The best way i guess is to learn by messing around with simple variables and "Hello World" type programs.
I tried a website tutorial that asked me to download an assembler/linker called FASM. I must have been doing something wrong because the tutorial seemed to make absolutely no sense to me and it got me nowhere.
Can anyone offer any advice, references, tutorials, suggestions? I really want to learn introductory level Assembly language.
To really "get" assembly, you'll need to learn the concepts behind how the system works.
Concepts that you should know (in no particular order, and most likely incomplete), include:
Control Structures - how do we control the flow of our program?
Memory - how is data stored?
Pointers - how do we access memory locations?
Registers - how do we actually perform calculations on values in our program?
Stacks - what do we keep on the stack, how is it arranged, and how do we access it?
After you have a solid understanding of minimally the above topics, it's time to start pulling your hair out experimenting.
You'll also have to pick a target architecture to learn - I'd recommend x86.
Most programming languages make the "Hello world!" project as their starting project, however Assembly is an exception. To print "Hello world!" to the screen you need to know about registers, segment addressing, interrupts. Also basic instructions for assigning values to registers. In other words, a lot of work before actually printing something.
Actually, what you do and what you don't need to know pretty much depends on what system you're working on.
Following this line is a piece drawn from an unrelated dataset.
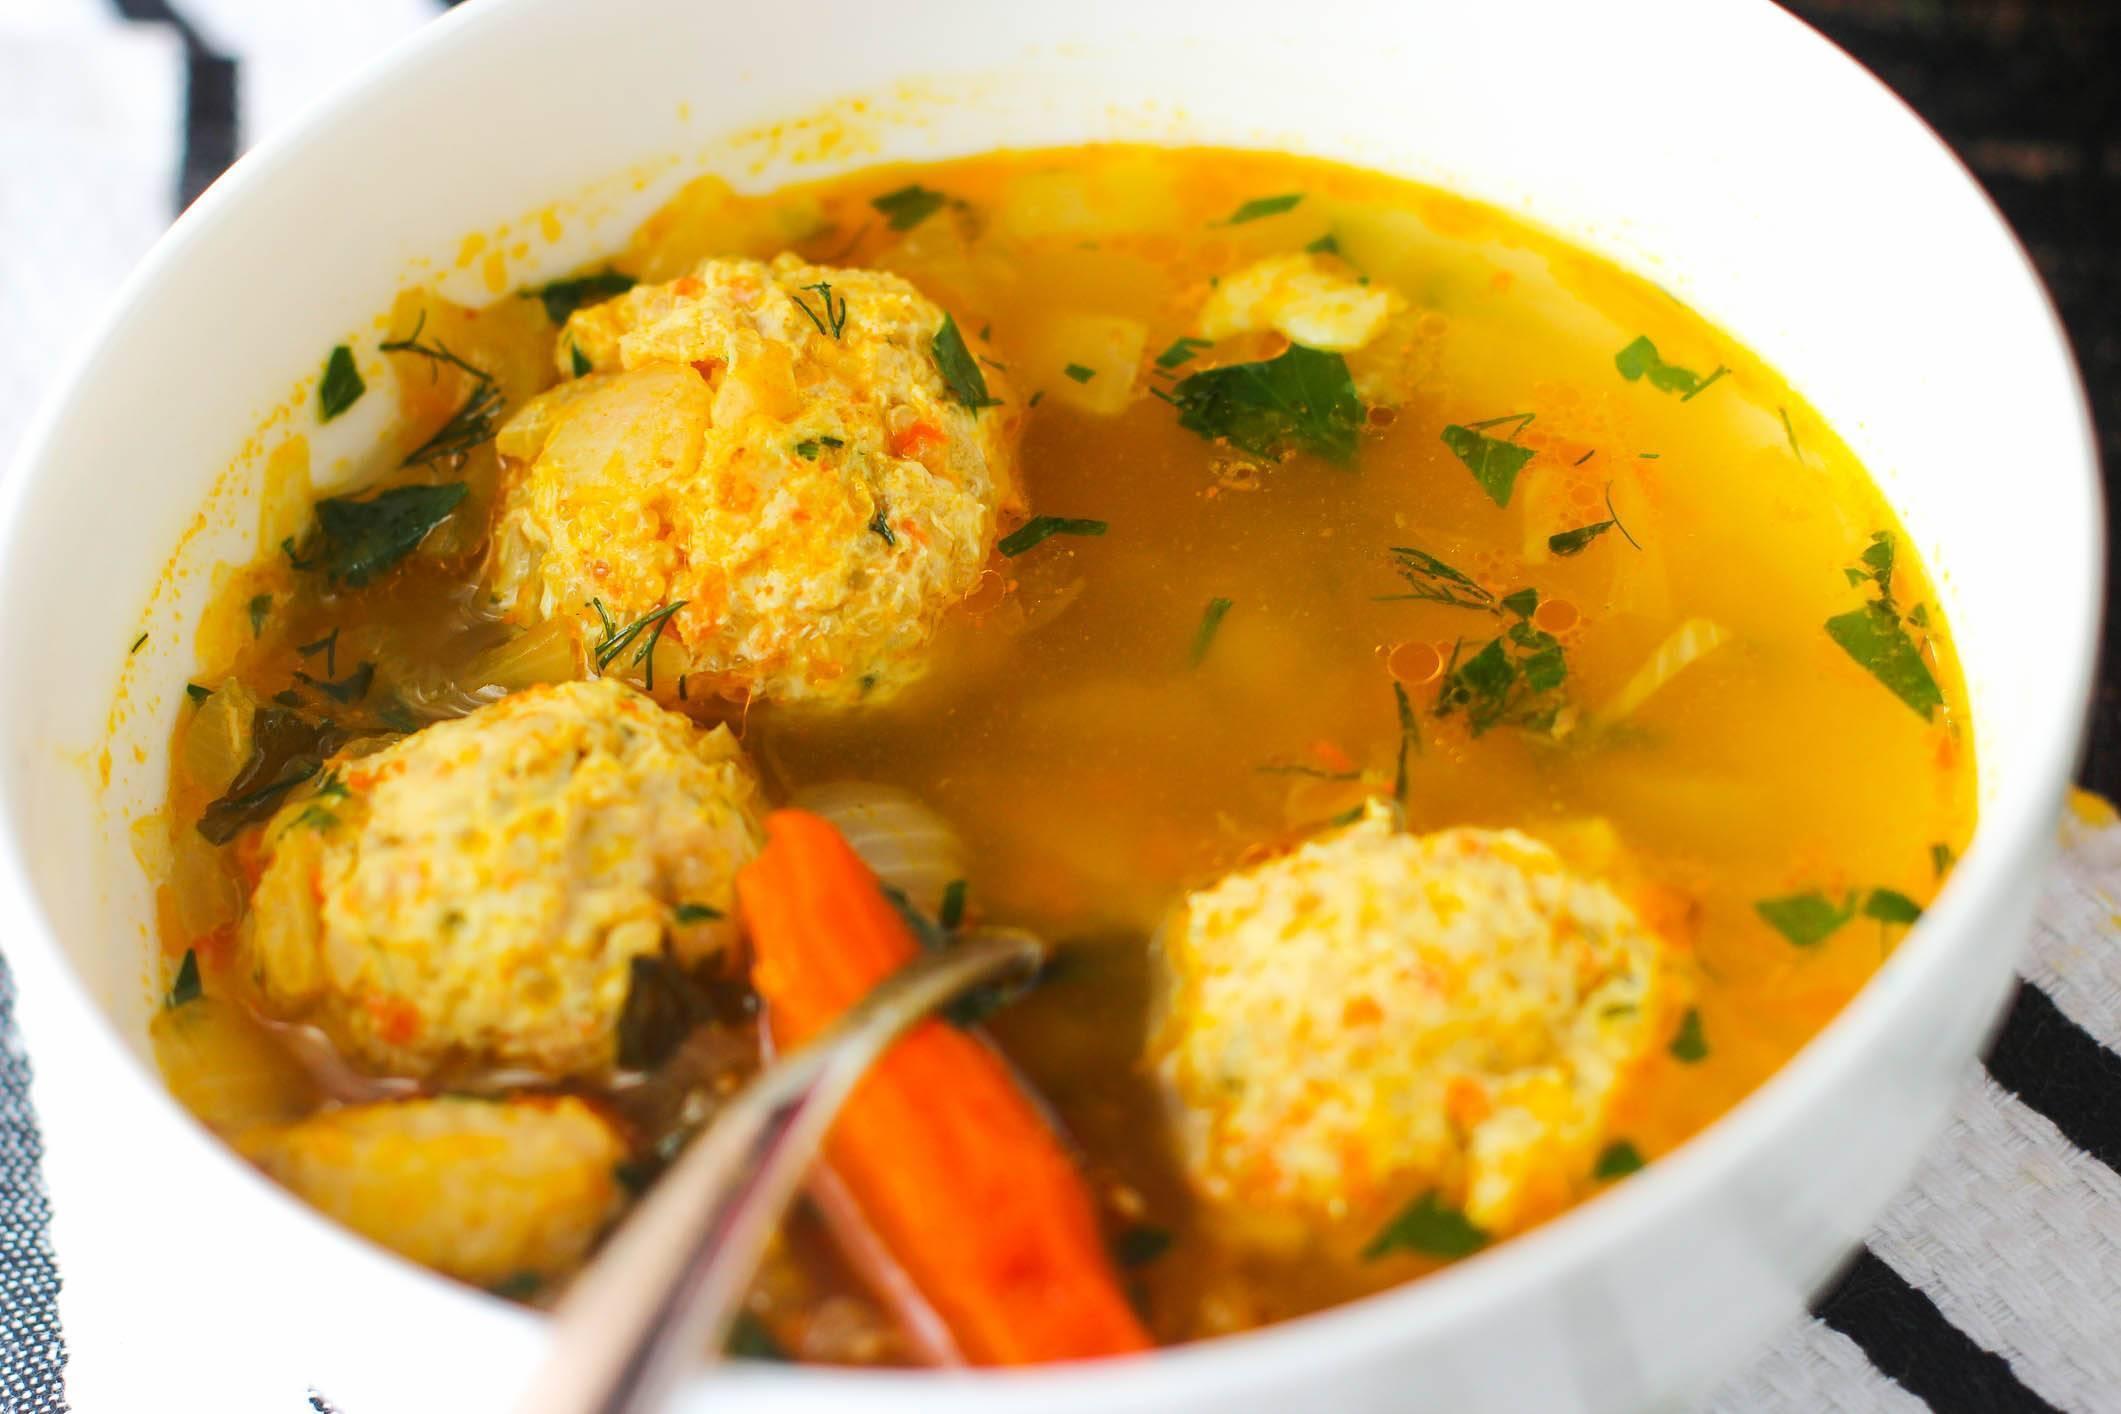 Суп с фрикадельками - 12 простых рецептов с фото и видео

E.g. on our uni we worked with microcontrollers with displays that I believe were memory mapped.
I think hello world is actually pretty easy in most situations - all you need to know is how to declare a string, how to set up the string output system call, and how to terminate a program. Although yes, it includes assigning values to registers.
As a general advice: choose your platform, as Luc Lieber rightfully said.
Assembly is the language of the CPU, and each CPU architecture (sparc, mips, ppc, arm, x86, itanium, various microcontrollers) is completely different, only a few very generic architectural concepts are common.
Even within a given architecture, there may be major different options (16-bit realmode vs. 32-bit protmode vs x86_64, for example) and additional commands available (x86 just keeps rolling out those SSEs).
Besides the platform, choose the environment. You could be writing
* a freestanding program (bootloader/OS kernel), which has to do everything by directly accessing the hardware.
* kernel mode OS drivers or driver components, in which case you can access internal functions of the OS kernel to interact with it
* a usermode application that relies on the normal OS system calls to access hardware
* a module that is a part of a C or some other higher language project, in which case the C (or other language) standard library as well as all the other libraries linked with the project, are avaiable: you can printf() straight from assembly.
As a linux fan, I think linux assembly is pretty easy, and you can enjoy the convenience of all of its POSIX-style system calls without even linking the C library.
@BHXSpecter: you need to link against the C runtime so that there is something that calls your _main, and you need to link against the C library so that there is a _printf for you to call... on second thought, gcc's linker should have done that for you. Just rename _main to main and _printf to printf.
On Linux, it's easy to skip the whole C business and have an assembly-only program.